00:07:05.040 Let's start briefly with the first two: how can we build transactional jobs generically and flexibly? By using a database record representing this particular job run, we have a mechanism for a database transaction that can be used in any job, and we can mitigate concurrency issues by locking the database row for this particular job run.
00:07:30.720 This is important because even Sidekiq, the titan in the Ruby job back-end world, makes only an at-least-once guarantee of doing that job. But this first step to making resilient and robust jobs that are transactional allows us to ensure that every job can wrap the core operation in a database transaction and use database locks to mitigate concurrency issues.
00:08:01.760 This provides the foundation for our ACIDic jobs as we move forward. The next consideration, though, is how we take transactional jobs and make them idempotent. For a job to be idempotent, it requires being able to uniquely identify the unit of work being done.
00:08:21.360 Therefore, the unit of work that might be repeated. If we consider an example of running a balanced transfer job with the same arguments, the core question for building idempotency is: what is the correct resulting state?
00:08:34.239 How do we tell when the system is executing a job multiple times invalidly versus when the system is executing a job multiple times validly? We have to remember that most job back-ends give us only an at least once guarantee of jobs being run, which means they can be run multiple times.
00:09:01.360 There is such a thing as invalid multiple execution. I think there are basically two different ways to make your jobs have a sense of uniqueness: you can either treat each run of the job as a unique entity or each execution of the job as a unique entity.
00:09:45.440 What do I mean? So, let's imagine our job run model has a uniqueness constraint on the union of job class and job ID, keeping track of when job runs are completed. With just a bit of boilerplate, we have a job that, once enqueued, will only ever execute the operation once, no matter if Sidekiq picks that job off the queue multiple times.
00:10:01.120 This approach treats each separate enqueuing as a valid enqueuing, even with duplicate arguments. So, when using this strategy for job uniqueness, we trust each enqueuing, but we are wary of dequeuing. However, we could imagine not even trusting enqueuing, and this would be the second strategy.
00:10:40.320 Consider instead that our job run model has a uniqueness constraint on the union of job class and job args. In this situation, it wouldn't matter how many times a job is enqueued or dequeued; it will only execute that operation once.
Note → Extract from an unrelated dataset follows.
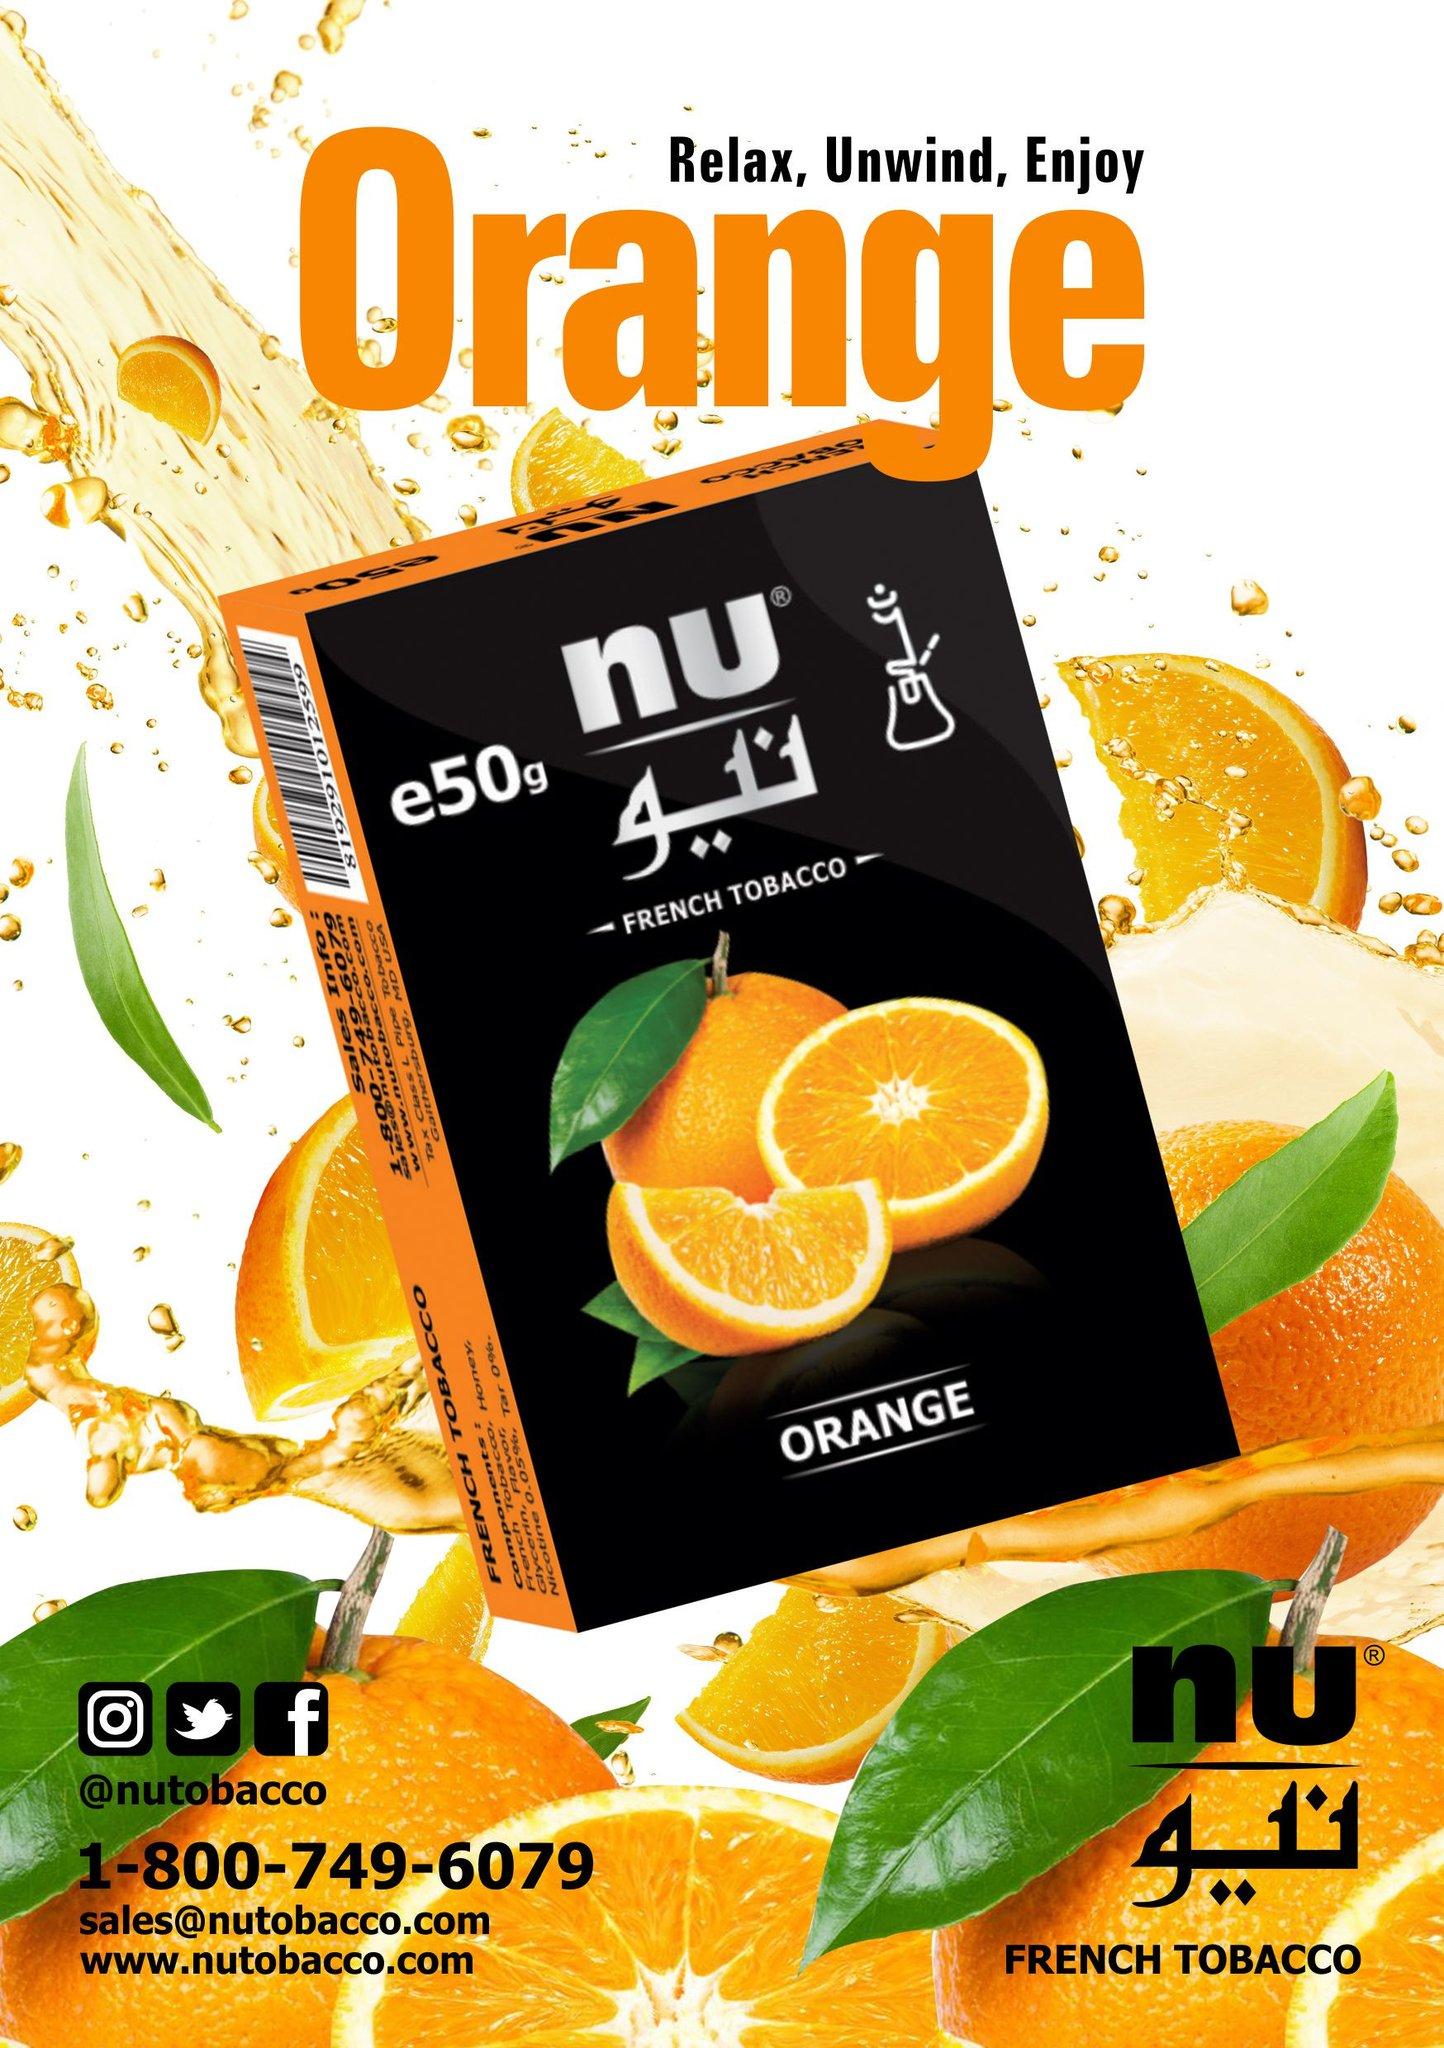 Nu Hookah / Orange(やや甘めのOrange系、中東の会社に見かける1つの典型)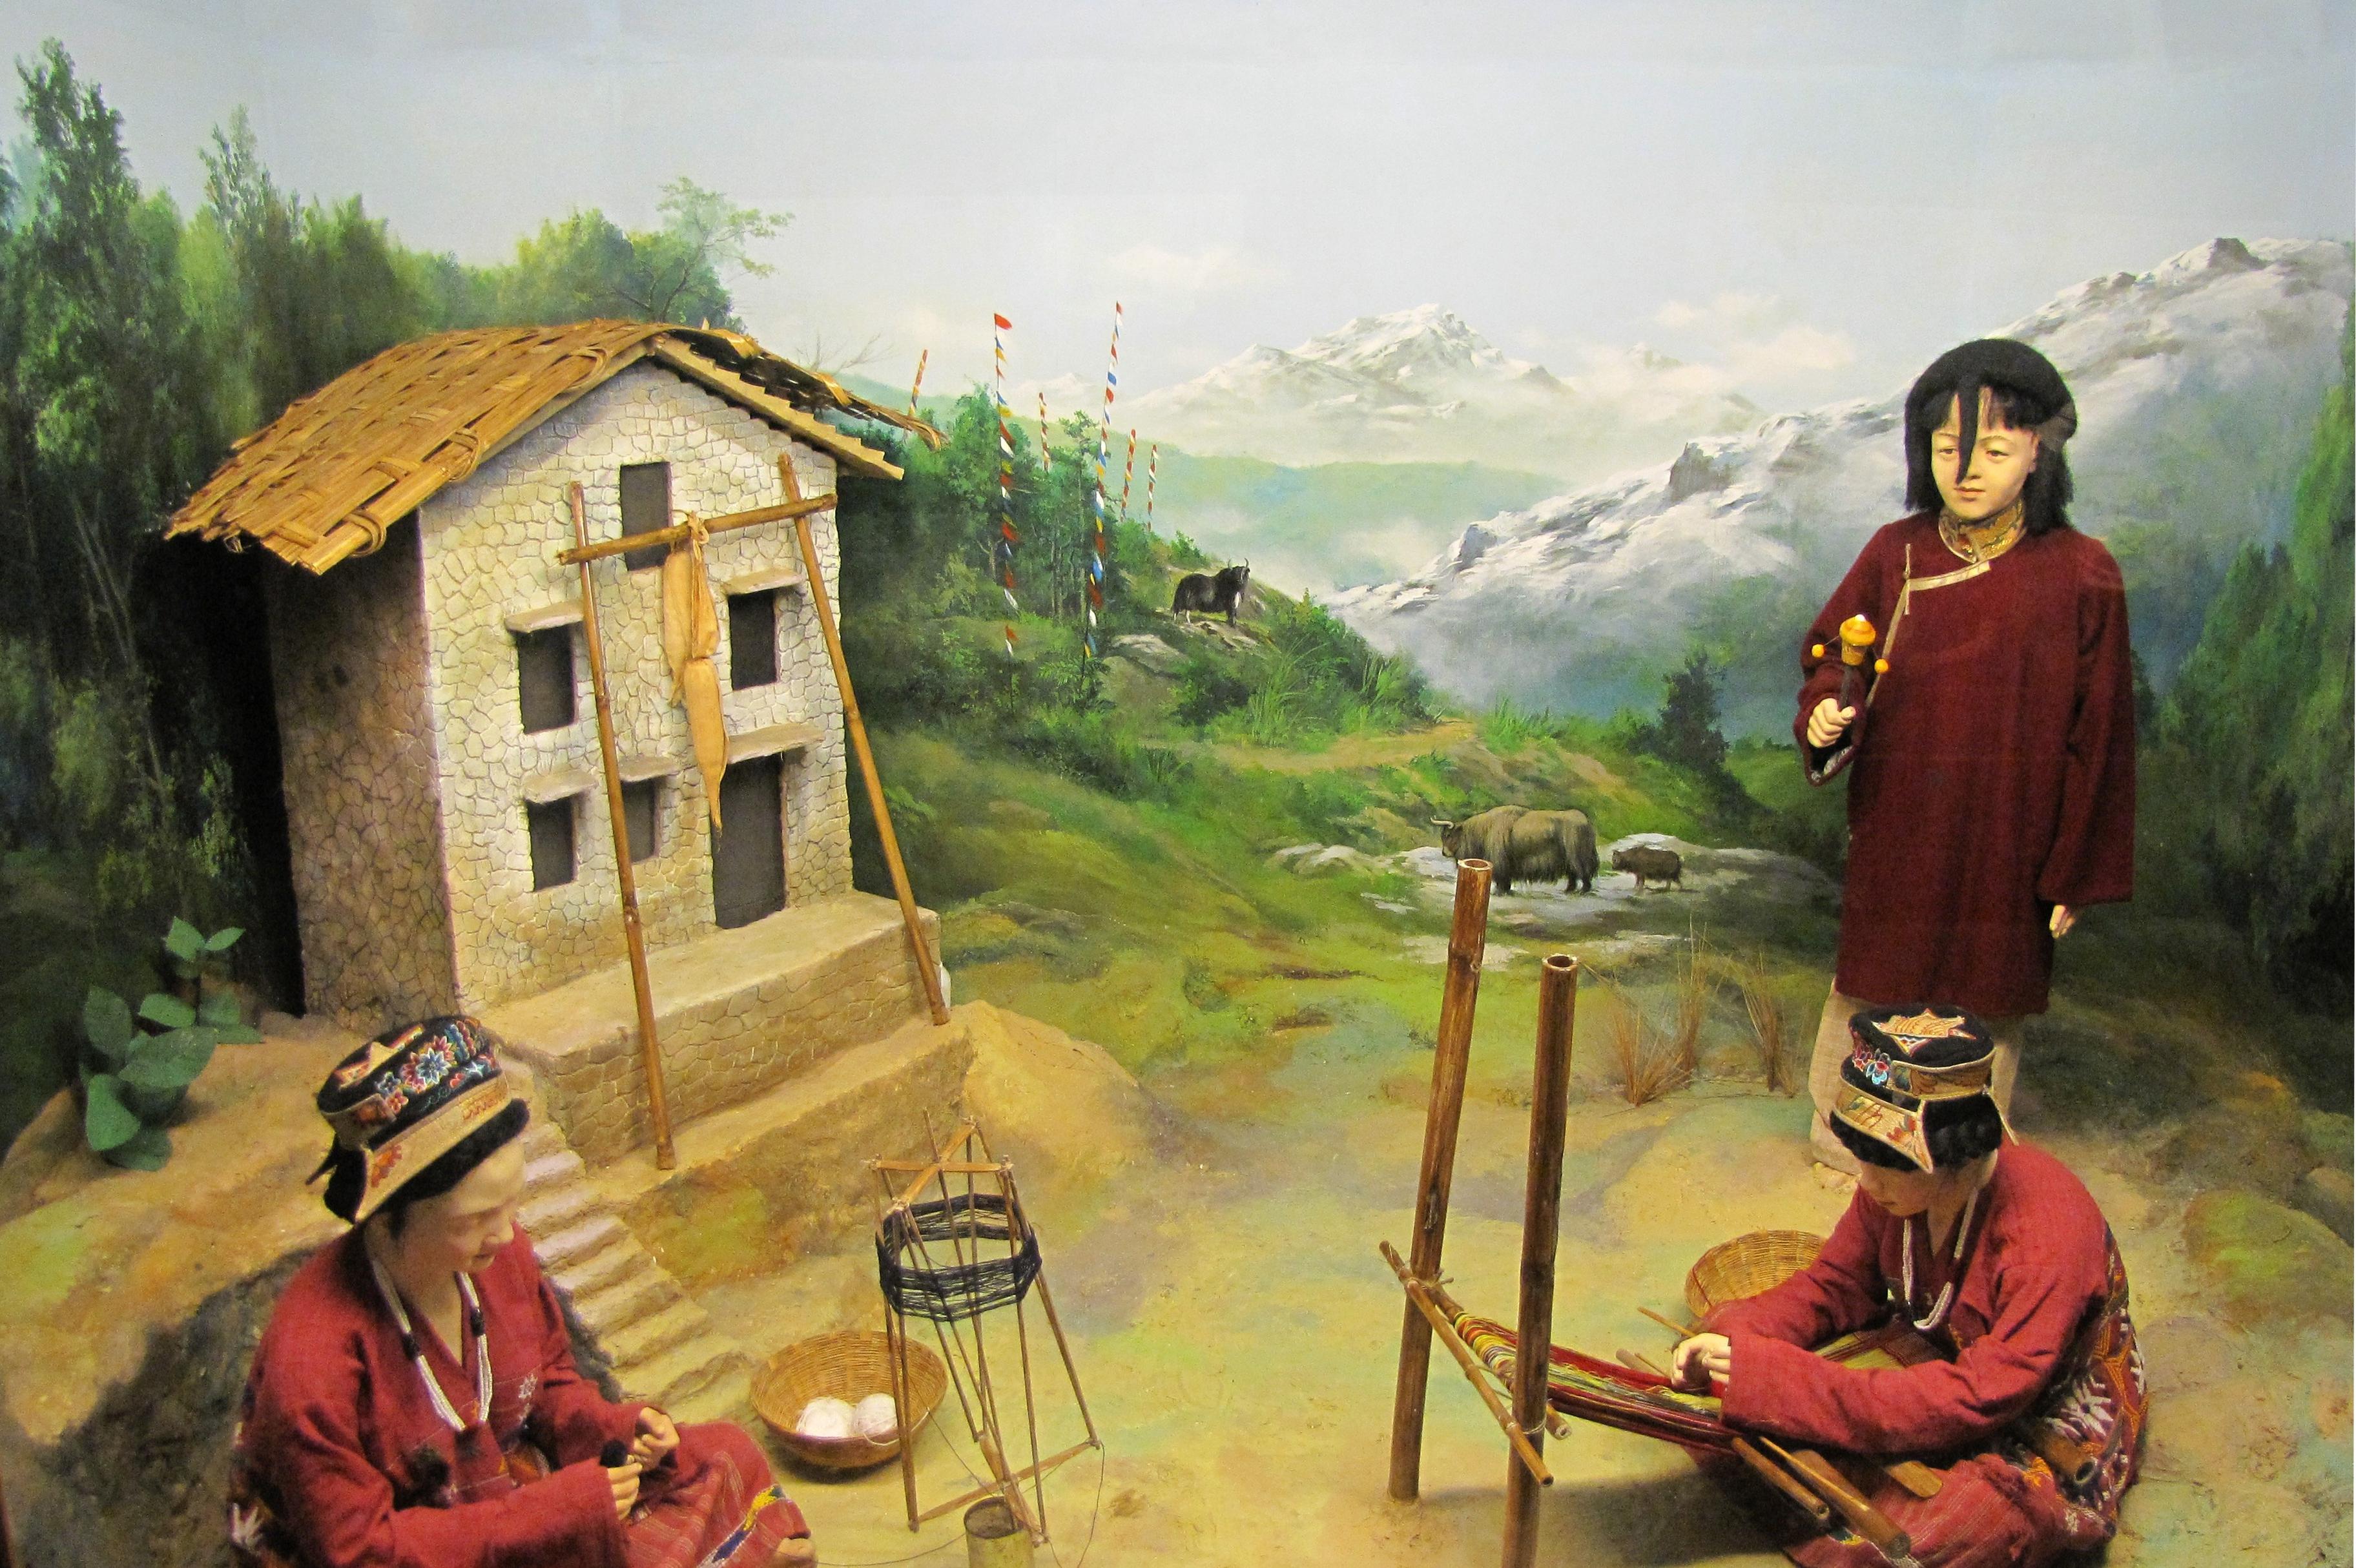 Diorama - Wikipedia

This strategy is essentially the idempotent job version of memoization. This memoization strategy would treat any enqueuing of the same job with duplicate arguments as an invalid enqueuing.
00:11:40.239 Now, this strategy is more cautious than the first, but that doesn't make it necessarily better. There are certainly units of work that rightfully should do the same thing multiple times. In our balanced transfer example, it's perfectly reasonable to expect that John might give Jane $10 now and then later, $10 five minutes later, and then $10 five months later.
00:12:09.440 But with a bit of work, we could build a job concern that allows each job to declare how it should be uniquely identified, all while still relying on our job run model. Such an approach would allow us to make our transfer balance job behave in whichever way was correct for our system, whether that is allowing the system to enqueue multiple jobs with the same arguments or, if the job was uniquely identified by its arguments, to constrain the system to execute the operation only once even if enqueued multiple times.
00:12:53.679 Thus, we could use our job run class as the foundation for building transactionality and idempotency into our jobs. Now, thus far, we have only considered jobs whose operations are simple database writes. However, often, our jobs obviously need to do more. One of the most common additional tasks required of jobs is enqueuing other jobs.
00:13:25.680 We could imagine that after transferring ballots, we need to send out email notifications to both parties. Now, as it stands, this code is susceptible to some problems. The first problem is that Sidekiq could simply be too fast. It could enqueue the job, dequeue the job, and execute the job before the original job's transaction has committed.
00:14:01.040 And because our outer job is ACIDic, that second job won't be able to see the state of the database inside of that transaction until the transaction commits. This problem is annoying, but at least it naturally resolves; the retry mechanism will retry that job, and at some point, that transaction will come in. When the job retries, it will successfully complete.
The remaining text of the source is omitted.